It's been decades since I've done that level of statistical analysis and, at that, long before spreadsheets and Excel/LibreOffice/OLE/DDE/COM etc. To answer your question no, that's not really what I had in mind. I think the chart you did with the big bubble on the left and, what I'll call, noise after that using reserve date was wrong. Not that what you did was, in any way, wrong. It was statistically insignificant (my hypothesis). If, however, you used config date I believe it would correlate better. What separates multiple regression from linear regression is one can add other independent variables such as EAP or FSD. I believe the macro is linest() in spreadsheets but I suspect what it would do is just give you a number representing significance of the independent variable to the dependent variable.
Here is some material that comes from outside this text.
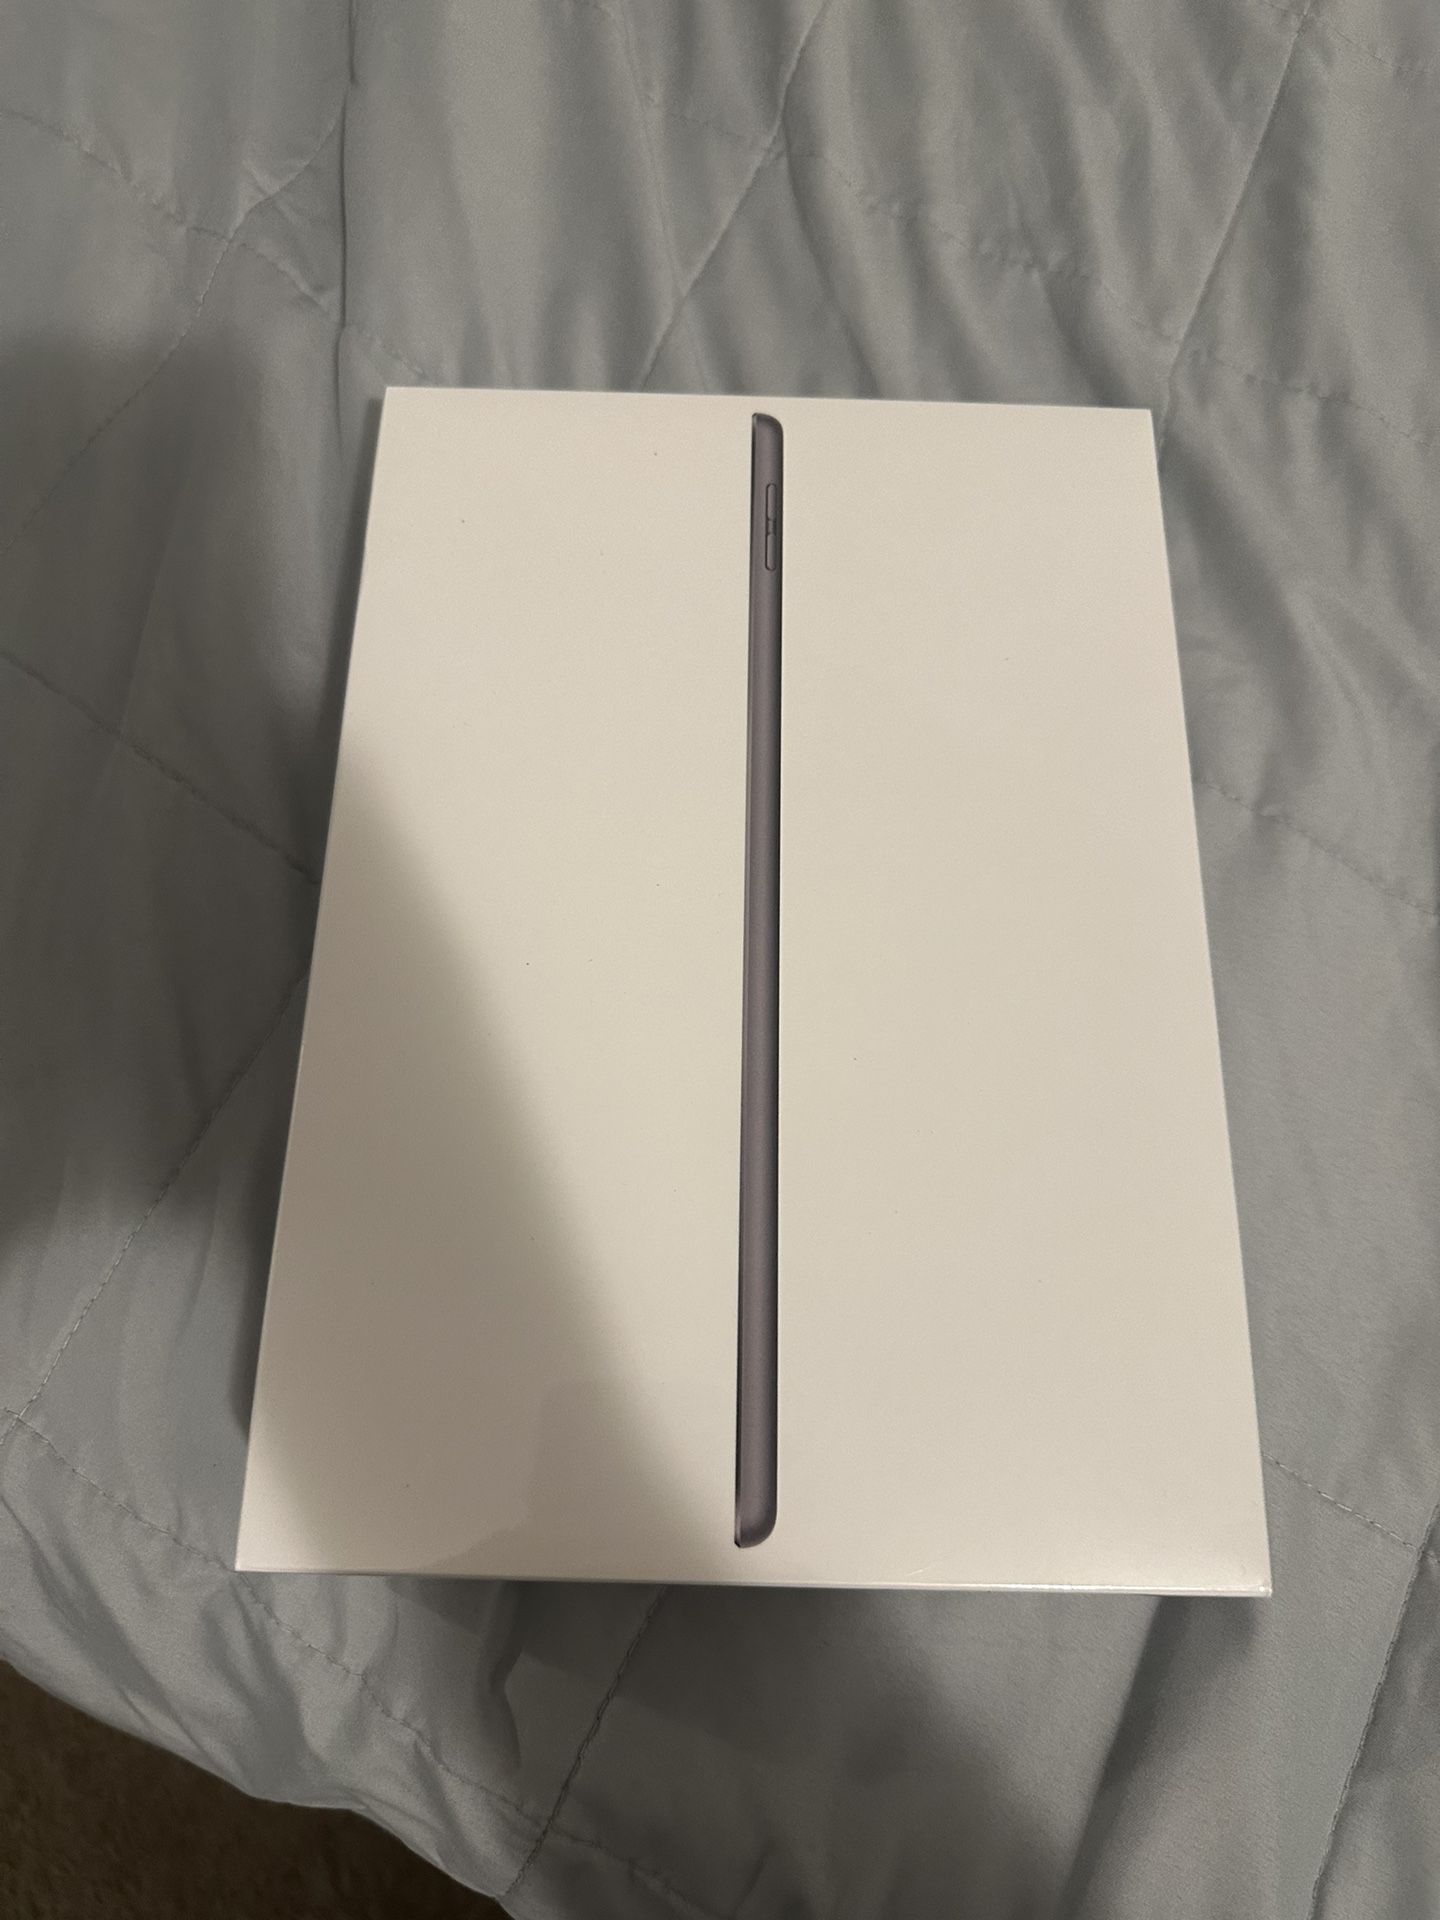 iPad 9th gen - 64 GB - Space gray
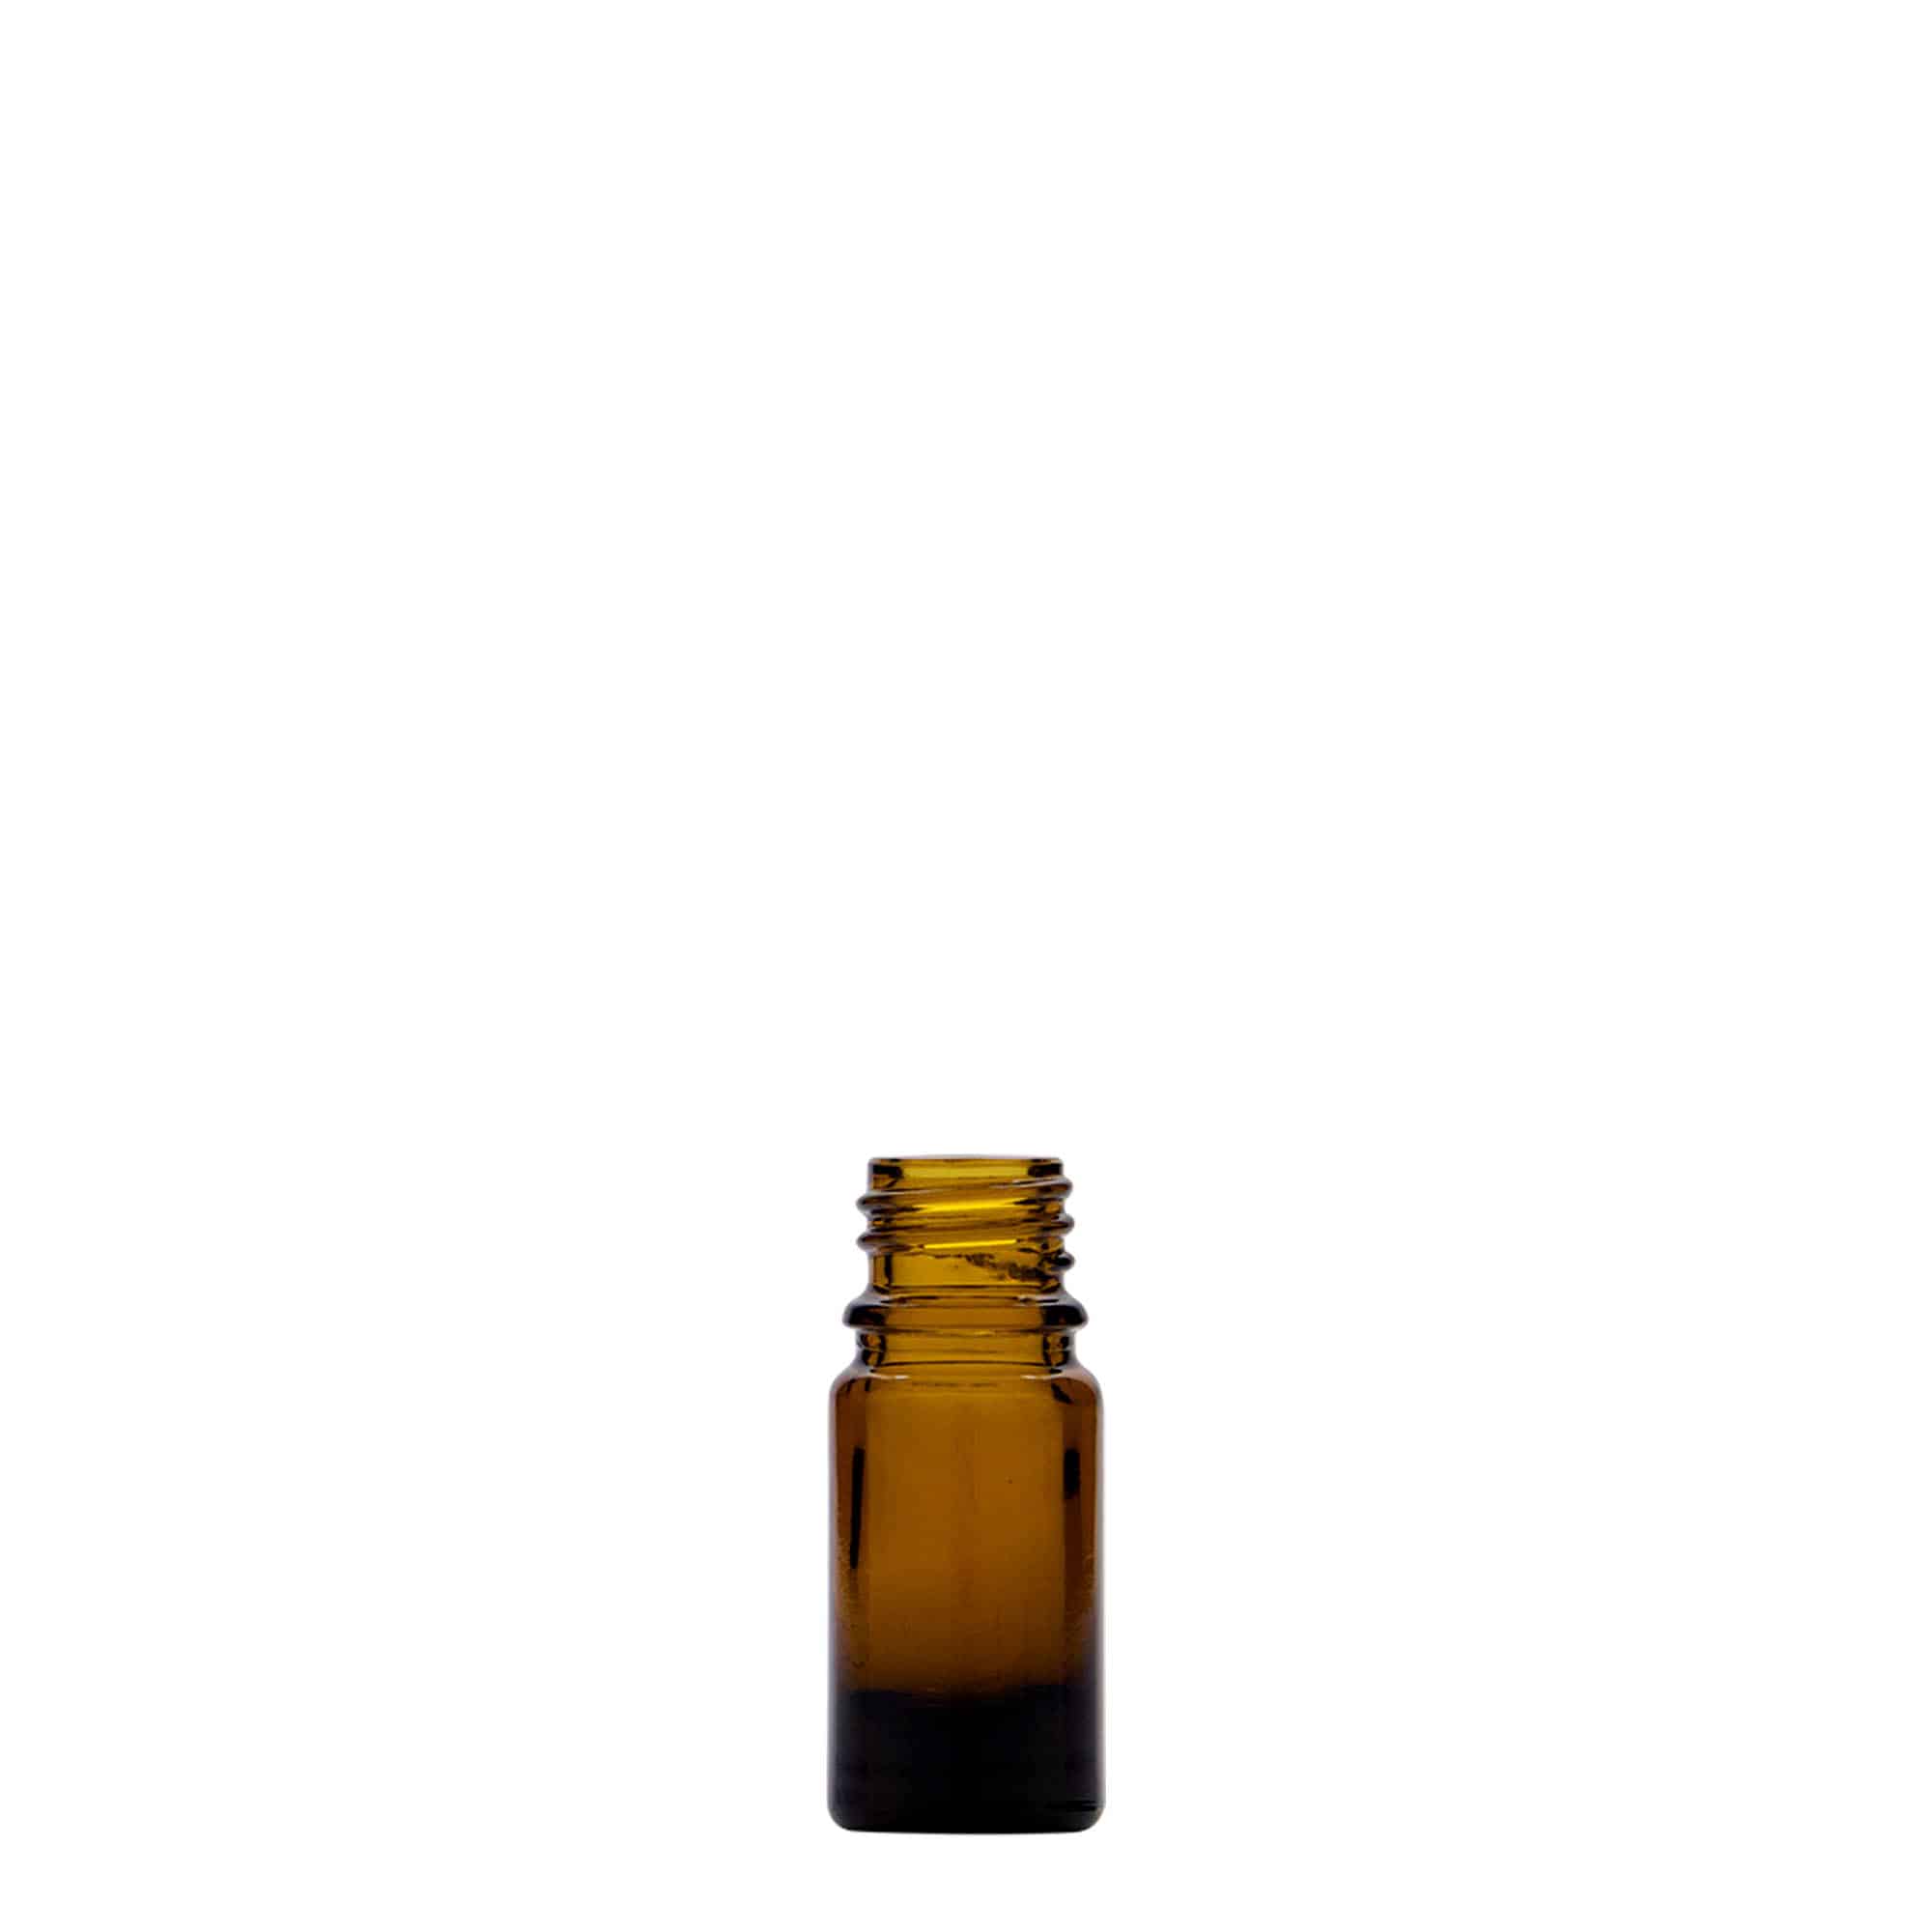 5 ml medicine bottle, glass, brown, closure: DIN 18

A sure sign of age, I'm having a hard time coming up with what the dependent variable is. This is something Ben Sullins excels at data science. There is a flaw using reservation date as they were queued from 3/31/16 or earlier to June 18? When they were producing a few hundred a week that's nothing compared to 5500/wk. So if one came up with a 'best fit' line...but line for what? Again, no obvious dependent variable. I think I'll review examples maybe on Kahn Academy for statistical analysis.
Null hypothesis 1 - no correlation between config date delivery date
Null hypothesis 2 - presence of EAP (FSD requires EAP) is irrelevant to delivery date distance from config date.
Is that helpful? BTW, thank you for your work on this.
When I was at Monster.com they had years worth of query data. I scienced the sugar out of that. Talk about big data and data mining!